Lucas 5

 
En el capítulo anterior vimos al Señor Jesús salir en el poder del Espíritu para anunciar la gracia de Dios, y ser confrontado de inmediato con el rechazo del hombre. Vimos que, sin embargo, siguió su camino de gracia sin conmoverse por él. Este capítulo nos presenta ahora una serie de hermosas imágenes, que ilustran lo que la gracia logra en el caso de aquellos que la reciben. Cuatro hombres se presentan ante nosotros: Pedro, el leproso, el paralítico, Leví, y cada uno de ellos tiene un rasgo diferente. Se suceden unos a otros en un orden que es moral, si no estrictamente cronológico.
Tanto Mateo como Marcos nos cuentan cómo el Señor llamó a los cuatro pescadores para que fueran sus seguidores, pero sólo Lucas nos informa sobre el milagroso tiro de los peces, que causó una impresión tan profunda en Pedro. El Señor había usado su barca y no sería su deudor, pero fue la gracia la que derramó abundante recompensa sobre él. Lo hizo aún más sorprendente el hecho de que acababan de pasar una noche laboriosa y totalmente infructuosa. Ahora bien, no sólo había abundancia, sino superabundancia. Donde había abundado el trabajo inútil, allí abundaban los ricos resultados. La única falla fue en relación con su capacidad para conservar lo que la gracia les dio.
La barca de Pedro se adentró dos veces en el lago, una de noche, cuando se esperaba pescar, y otra de día, cuando no había lugar. El lugar era el mismo en ambas ocasiones, al igual que los hombres, y también su equipo. ¿Qué marcó la diferencia? Una cosa, y sólo una cosa. Cristo había subido a la barca. A Pedro se le abrieron los ojos para ver este hecho, y evidentemente hizo que el Salvador brillara ante él con una luz divina. Encontrarse en la presencia de Dios, a pesar de que era Dios presente en la plenitud de la gracia, obró en el corazón de Pedro la convicción de su propia pecaminosidad.

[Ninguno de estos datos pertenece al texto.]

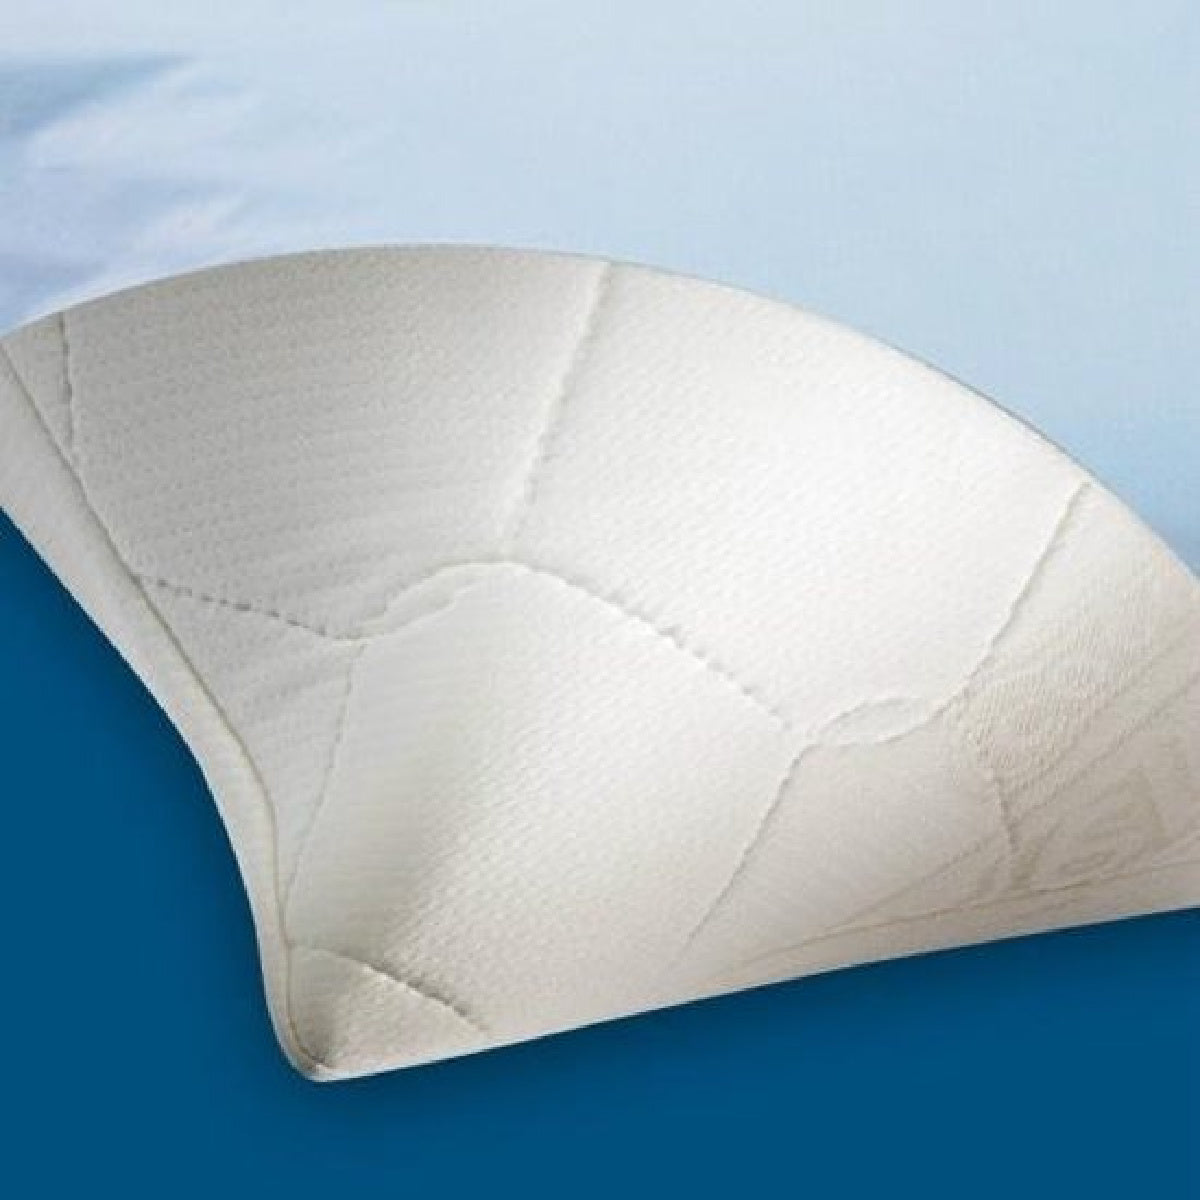 kussenbeschermer Aerosleep Coolmax-protège-oreiller Aerosleep Coolmax-pillow protector Aerosleep Coolmax

Ahora bien, esto es lo primero que la gracia trae consigo: la convicción de pecado. Lo produce en mayor medida que la ley, y atrae mientras lo produce. Aquí radica el maravilloso contraste. La Ley de Moisés, cuando fue dada en el Sinaí, produjo la convicción de ineptitud por parte del pueblo, pero los repelió y los envió lejos de la montaña ardiente. La gracia en la persona de Jesús convenció de tal manera a Pedro que confesó estar lleno de pecado, y sin embargo, arrojándose a las rodillas de Jesús, se acercó al Salvador lo más que pudo.

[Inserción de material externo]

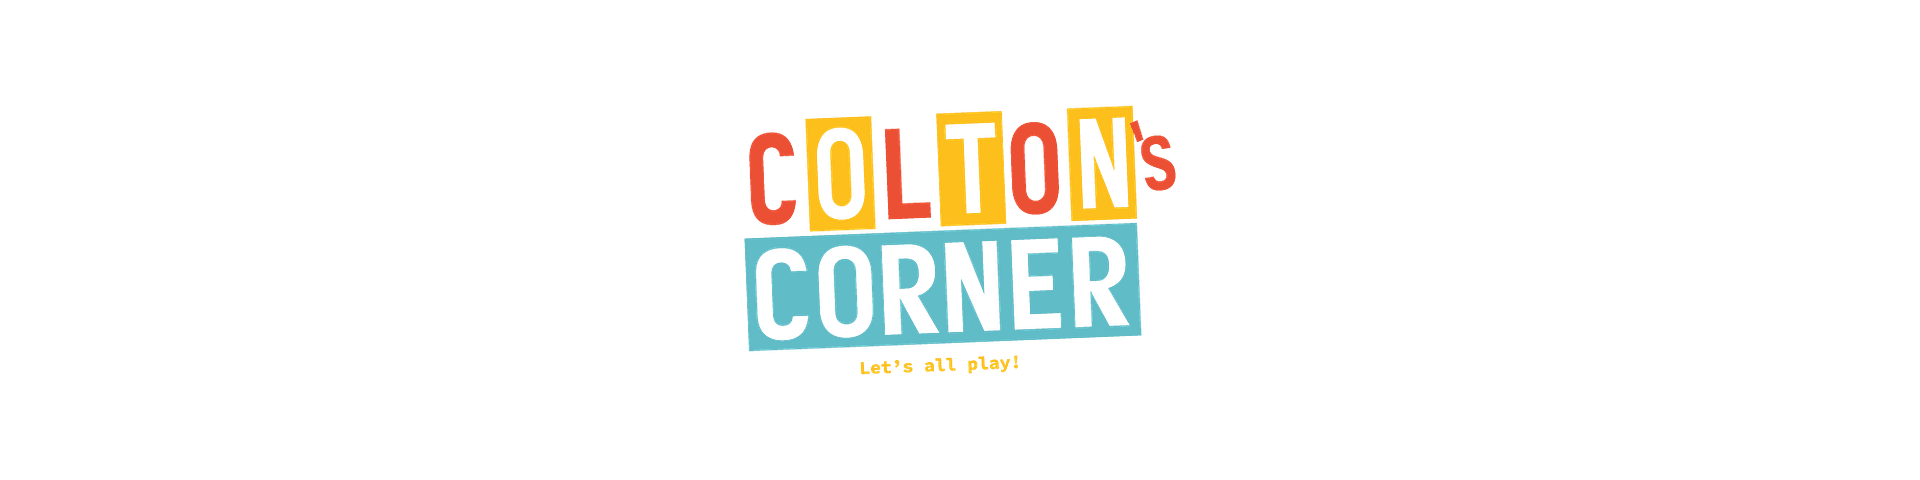 Colton's Corner 2021

El siguiente incidente, muy apropiadamente, es acerca de un hombre, no exactamente lleno de pecado, sino lleno de lepra, que es un tipo de pecado. Estaba tan lleno de lepra que se sentía demasiado repulsivo como para confiar en la bondad de Jesús. Confiaba en su poder, pero dudaba bastante de su gracia. Así que se acercó con las palabras: “Si quieres...” revelándose a sí mismo como totalmente lleno de lepra y parcialmente lleno de dudas. La gracia del Señor se elevó instantáneamente a su máxima altura. Todo el poder estaba en su palabra, sin embargo, extendió su mano y lo tocó, como si quisiera borrar de su mente para siempre la última duda que quedaba y tranquilizarlo perfectamente.
Ahora bien, aquí vemos que la gracia trae purificación, una purificación que la ley no trajo, aunque preveía el reconocimiento por parte de los sacerdotes de cualquier purificación que se efectuara en cualquier momento por el poder de Dios. Aquí estaba el poder de Dios obrando en la plenitud de la gracia, ¡y era un espectáculo verdaderamente encantador! No nos sorprende que grandes multitudes se reunieran para oír y ser sanados, como lo registra el versículo 15.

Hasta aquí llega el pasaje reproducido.